Statistical analysis

To evaluate whether all (or most) males perform mutual assessment or whether there is a mixture of self- and mutual assessors during the vibrational phase, we built two general linear mixed models (GLMMs) - one for winners and the other for losers. We considered the duration of the vibrational interaction as the response variable, and the male front leg length and escalation occurrence as explanatory variables. We also log-transformed the duration of the vibrational phase to reach homogeneity of variances. To control for a potential effect of female quality on the motivation of each individual to fight (Silva et al. 2021), we inserted female age (juvenile or mature) in both models as a random variable (the inclusion of female age as a fixed factor provided similar results). In each model, we inserted frontal leg length and escalation occurrence both as independent factors and an interaction term between them. Based on this, if all males perform mutual assessment during the vibrational interactions, we expect the interaction term to be non-significant, while the relationship between the duration of the vibrational interaction and frontal leg length should be positive for loser males and negative for winner males (Taylor and Elwood 2003). However, if some males perform mutual assessment while others perform self-assessment, we expected the interaction term to be significant.
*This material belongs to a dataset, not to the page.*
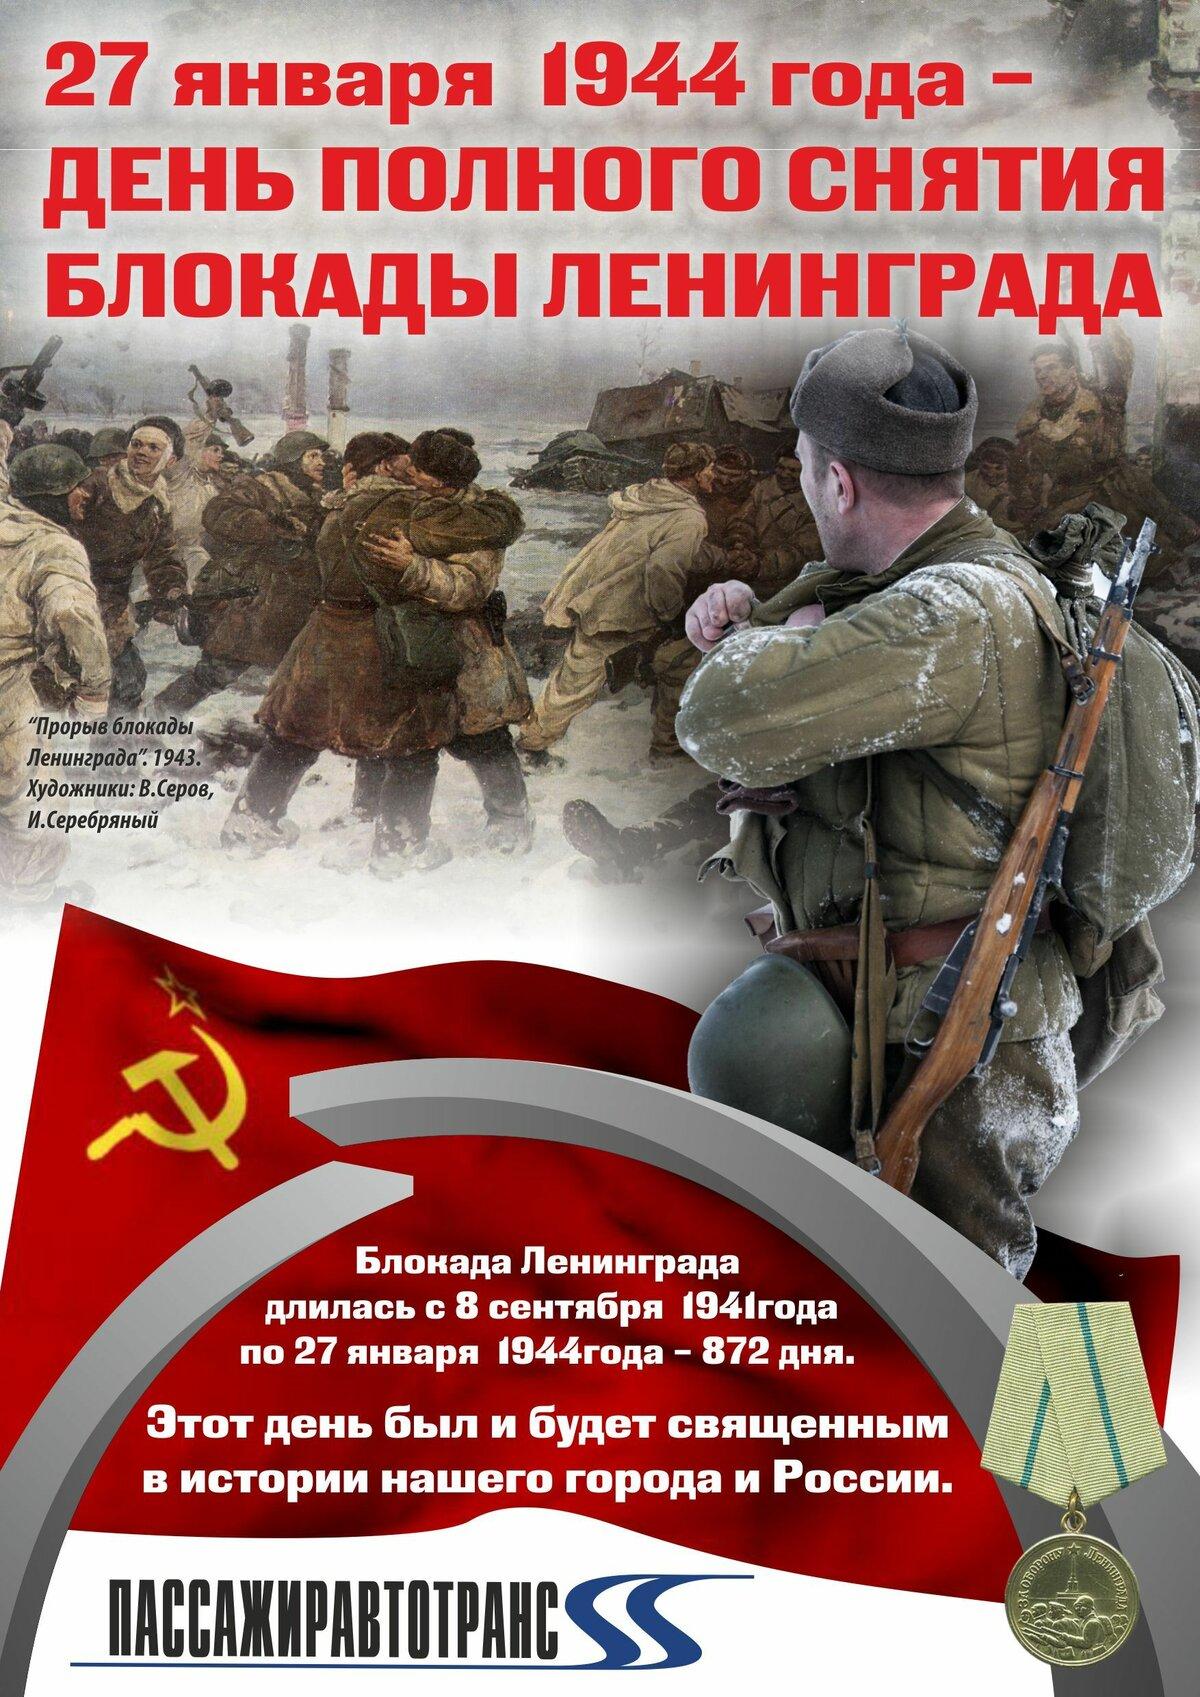 Днем рождения, блокада ленинграда в открытках

The relationship between the duration of the vibrational interaction and frontal leg length should be positive for loser males and negative for winner males in interactions that escalated to the physical aggression phase and positive for losers, but non-related to winner’s frontal leg length in interactions that did not escalate. To provide a measure of how much variation in the duration of the vibrational phase is explained by our predictor variables, we calculated the marginal and conditional pseudo-R² for mixed-effects models as a non-dimensional standardized measure of goodness of fit (Nakagawa and Schielzeth 2013).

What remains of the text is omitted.